WORK REQUIRED — All of the data is to be repeated verbatim.

SOURCE DATA —

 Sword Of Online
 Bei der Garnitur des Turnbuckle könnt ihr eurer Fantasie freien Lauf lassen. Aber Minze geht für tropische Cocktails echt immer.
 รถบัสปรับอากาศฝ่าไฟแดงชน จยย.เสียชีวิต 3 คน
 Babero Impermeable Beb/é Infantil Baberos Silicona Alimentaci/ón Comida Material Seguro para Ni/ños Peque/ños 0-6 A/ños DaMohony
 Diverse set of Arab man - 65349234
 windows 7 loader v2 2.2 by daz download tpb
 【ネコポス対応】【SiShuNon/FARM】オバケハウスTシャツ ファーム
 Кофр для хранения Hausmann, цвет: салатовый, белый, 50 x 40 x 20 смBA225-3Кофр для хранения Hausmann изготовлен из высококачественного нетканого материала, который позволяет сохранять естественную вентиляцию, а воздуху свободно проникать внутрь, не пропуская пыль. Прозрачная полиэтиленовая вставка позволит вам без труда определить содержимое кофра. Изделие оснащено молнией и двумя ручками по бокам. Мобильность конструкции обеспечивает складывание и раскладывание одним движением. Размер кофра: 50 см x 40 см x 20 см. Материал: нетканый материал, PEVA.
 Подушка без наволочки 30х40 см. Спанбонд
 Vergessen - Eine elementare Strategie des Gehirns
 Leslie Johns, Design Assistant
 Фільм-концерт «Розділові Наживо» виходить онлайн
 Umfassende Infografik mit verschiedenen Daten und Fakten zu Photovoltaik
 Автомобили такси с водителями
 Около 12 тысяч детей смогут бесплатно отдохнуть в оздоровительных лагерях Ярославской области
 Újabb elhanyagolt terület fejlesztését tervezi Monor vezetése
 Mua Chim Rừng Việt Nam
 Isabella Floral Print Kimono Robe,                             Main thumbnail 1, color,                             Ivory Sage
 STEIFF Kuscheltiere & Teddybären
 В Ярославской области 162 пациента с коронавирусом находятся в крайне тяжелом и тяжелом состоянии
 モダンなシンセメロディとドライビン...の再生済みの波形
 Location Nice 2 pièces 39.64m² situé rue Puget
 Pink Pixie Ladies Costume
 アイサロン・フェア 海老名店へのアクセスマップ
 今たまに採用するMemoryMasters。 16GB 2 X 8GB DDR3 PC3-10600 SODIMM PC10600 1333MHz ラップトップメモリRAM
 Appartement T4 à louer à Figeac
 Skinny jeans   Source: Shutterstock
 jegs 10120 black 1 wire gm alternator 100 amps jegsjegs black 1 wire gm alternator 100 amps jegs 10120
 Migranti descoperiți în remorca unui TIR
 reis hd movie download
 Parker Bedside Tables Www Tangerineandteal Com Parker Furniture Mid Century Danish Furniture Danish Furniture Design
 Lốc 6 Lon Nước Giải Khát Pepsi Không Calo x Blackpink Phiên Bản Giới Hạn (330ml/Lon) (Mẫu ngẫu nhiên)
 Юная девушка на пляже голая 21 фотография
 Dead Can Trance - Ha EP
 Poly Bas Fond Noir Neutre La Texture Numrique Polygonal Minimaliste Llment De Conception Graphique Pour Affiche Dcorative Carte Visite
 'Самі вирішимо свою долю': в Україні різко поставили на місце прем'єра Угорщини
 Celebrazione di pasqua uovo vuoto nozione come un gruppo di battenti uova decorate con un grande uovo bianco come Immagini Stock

ANSWER BOX —
 Sword Of Online
 Bei der Garnitur des Turnbuckle könnt ihr eurer Fantasie freien Lauf lassen. Aber Minze geht für tropische Cocktails echt immer.
 รถบัสปรับอากาศฝ่าไฟแดงชน จยย.เสียชีวิต 3 คน
 Babero Impermeable Beb/é Infantil Baberos Silicona Alimentaci/ón Comida Material Seguro para Ni/ños Peque/ños 0-6 A/ños DaMohony
 Diverse set of Arab man - 65349234
 windows 7 loader v2 2.2 by daz download tpb
 【ネコポス対応】【SiShuNon/FARM】オバケハウスTシャツ ファーム
 Кофр для хранения Hausmann, цвет: салатовый, белый, 50 x 40 x 20 смBA225-3Кофр для хранения Hausmann изготовлен из высококачественного нетканого материала, который позволяет сохранять естественную вентиляцию, а воздуху свободно проникать внутрь, не пропуская пыль. Прозрачная полиэтиленовая вставка позволит вам без труда определить содержимое кофра. Изделие оснащено молнией и двумя ручками по бокам. Мобильность конструкции обеспечивает складывание и раскладывание одним движением. Размер кофра: 50 см x 40 см x 20 см. Материал: нетканый материал, PEVA.
 Подушка без наволочки 30х40 см. Спанбонд
 Vergessen - Eine elementare Strategie des Gehirns
 Leslie Johns, Design Assistant
 Фільм-концерт «Розділові Наживо» виходить онлайн
 Umfassende Infografik mit verschiedenen Daten und Fakten zu Photovoltaik
 Автомобили такси с водителями
 Около 12 тысяч детей смогут бесплатно отдохнуть в оздоровительных лагерях Ярославской области
 Újabb elhanyagolt terület fejlesztését tervezi Monor vezetése
 Mua Chim Rừng Việt Nam
 Isabella Floral Print Kimono Robe,                             Main thumbnail 1, color,                             Ivory Sage
 STEIFF Kuscheltiere & Teddybären
 В Ярославской области 162 пациента с коронавирусом находятся в крайне тяжелом и тяжелом состоянии
 モダンなシンセメロディとドライビン...の再生済みの波形
 Location Nice 2 pièces 39.64m² situé rue Puget
 Pink Pixie Ladies Costume
 アイサロン・フェア 海老名店へのアクセスマップ
 今たまに採用するMemoryMasters。 16GB 2 X 8GB DDR3 PC3-10600 SODIMM PC10600 1333MHz ラップトップメモリRAM
 Appartement T4 à louer à Figeac
 Skinny jeans   Source: Shutterstock
 jegs 10120 black 1 wire gm alternator 100 amps jegsjegs black 1 wire gm alternator 100 amps jegs 10120
 Migranti descoperiți în remorca unui TIR
 reis hd movie download
 Parker Bedside Tables Www Tangerineandteal Com Parker Furniture Mid Century Danish Furniture Danish Furniture Design
 Lốc 6 Lon Nước Giải Khát Pepsi Không Calo x Blackpink Phiên Bản Giới Hạn (330ml/Lon) (Mẫu ngẫu nhiên)
 Юная девушка на пляже голая 21 фотография
 Dead Can Trance - Ha EP
 Poly Bas Fond Noir Neutre La Texture Numrique Polygonal Minimaliste Llment De Conception Graphique Pour Affiche Dcorative Carte Visite
 'Самі вирішимо свою долю': в Україні різко поставили на місце прем'єра Угорщини
 Celebrazione di pasqua uovo vuoto nozione come un gruppo di battenti uova decorate con un grande uovo bianco come Immagini Stock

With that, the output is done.